▸ **Task to complete**
Print nothing except the lines of the listing below from the line with "Professional masseur massaging" to the line with "DIAMOND DENTS |", each exactly as written, both ends included.

▸ **The input**
★ ★ ★

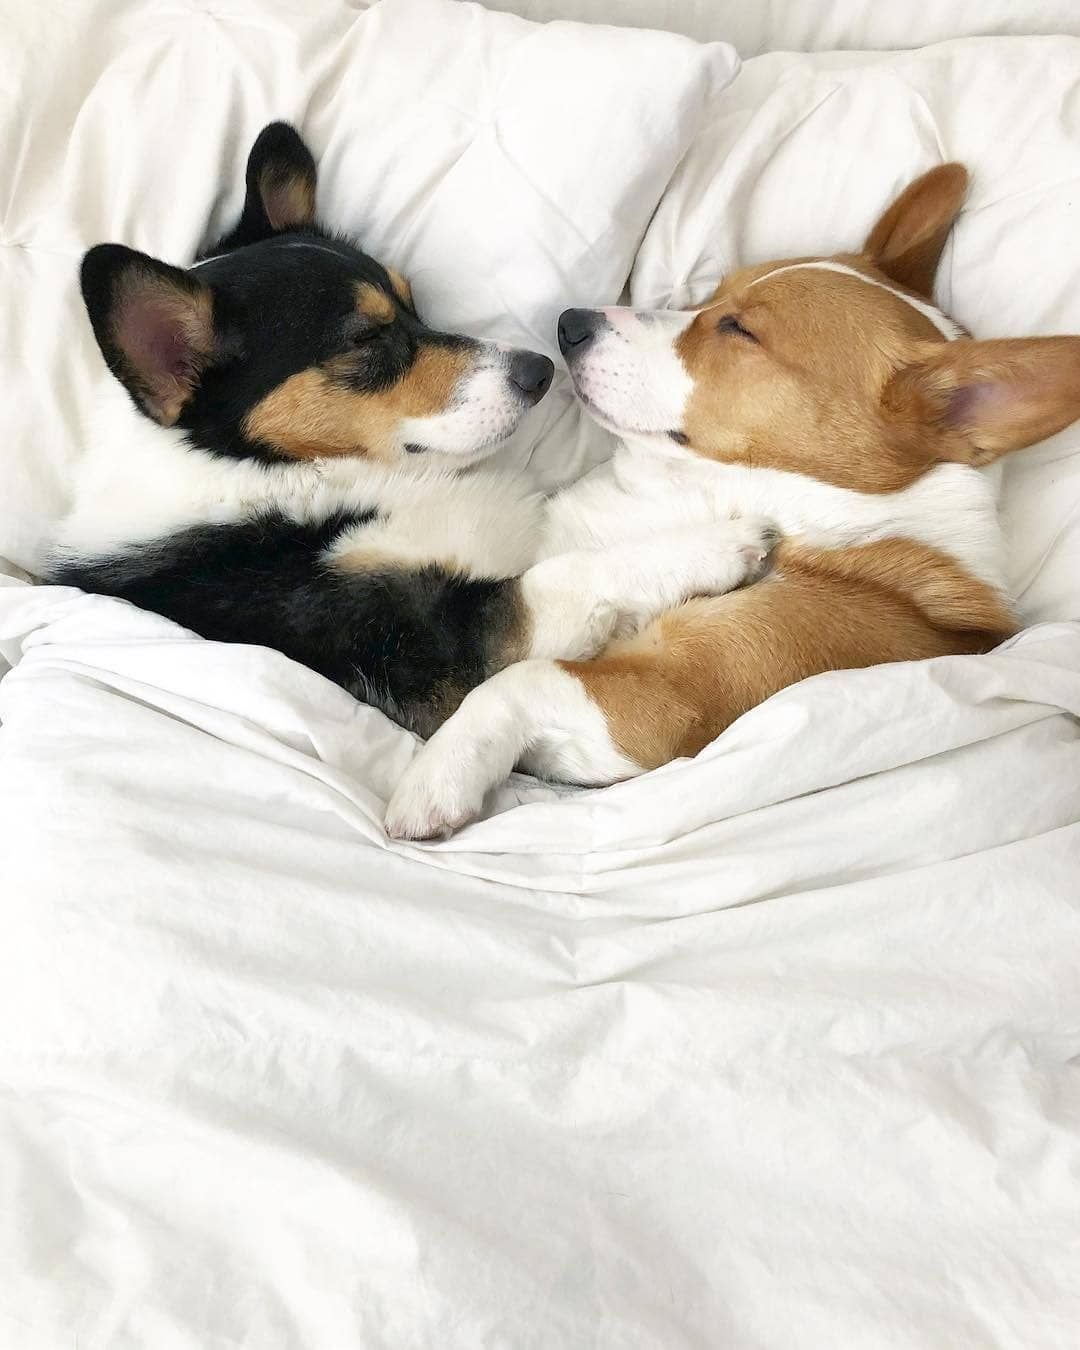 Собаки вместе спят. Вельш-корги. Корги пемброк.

★ ★ ★

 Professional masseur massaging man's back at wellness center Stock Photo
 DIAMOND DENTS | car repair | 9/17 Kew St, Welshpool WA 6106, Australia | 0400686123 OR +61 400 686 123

★ ★ ★

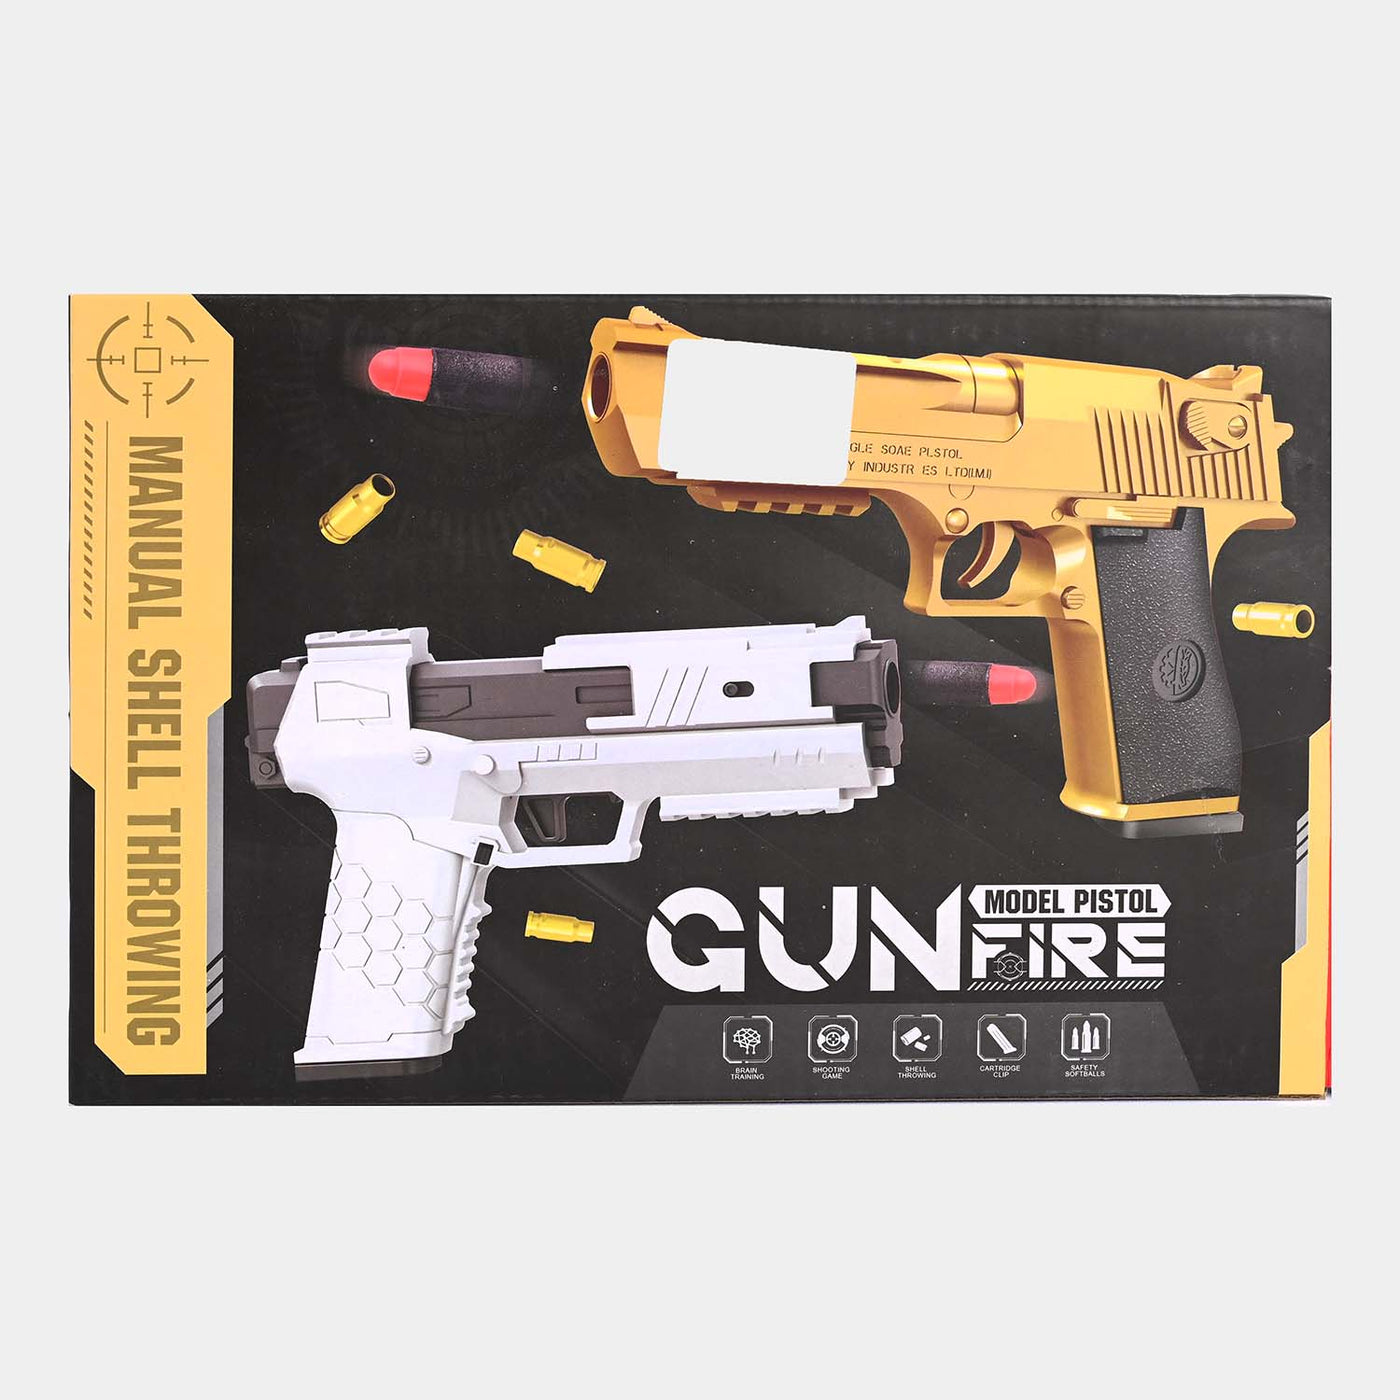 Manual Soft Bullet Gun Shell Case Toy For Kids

★ ★ ★

▸ **Answer to this exercise**
 Professional masseur massaging man's back at wellness center Stock Photo
 DIAMOND DENTS | car repair | 9/17 Kew St, Welshpool WA 6106, Australia | 0400686123 OR +61 400 686 123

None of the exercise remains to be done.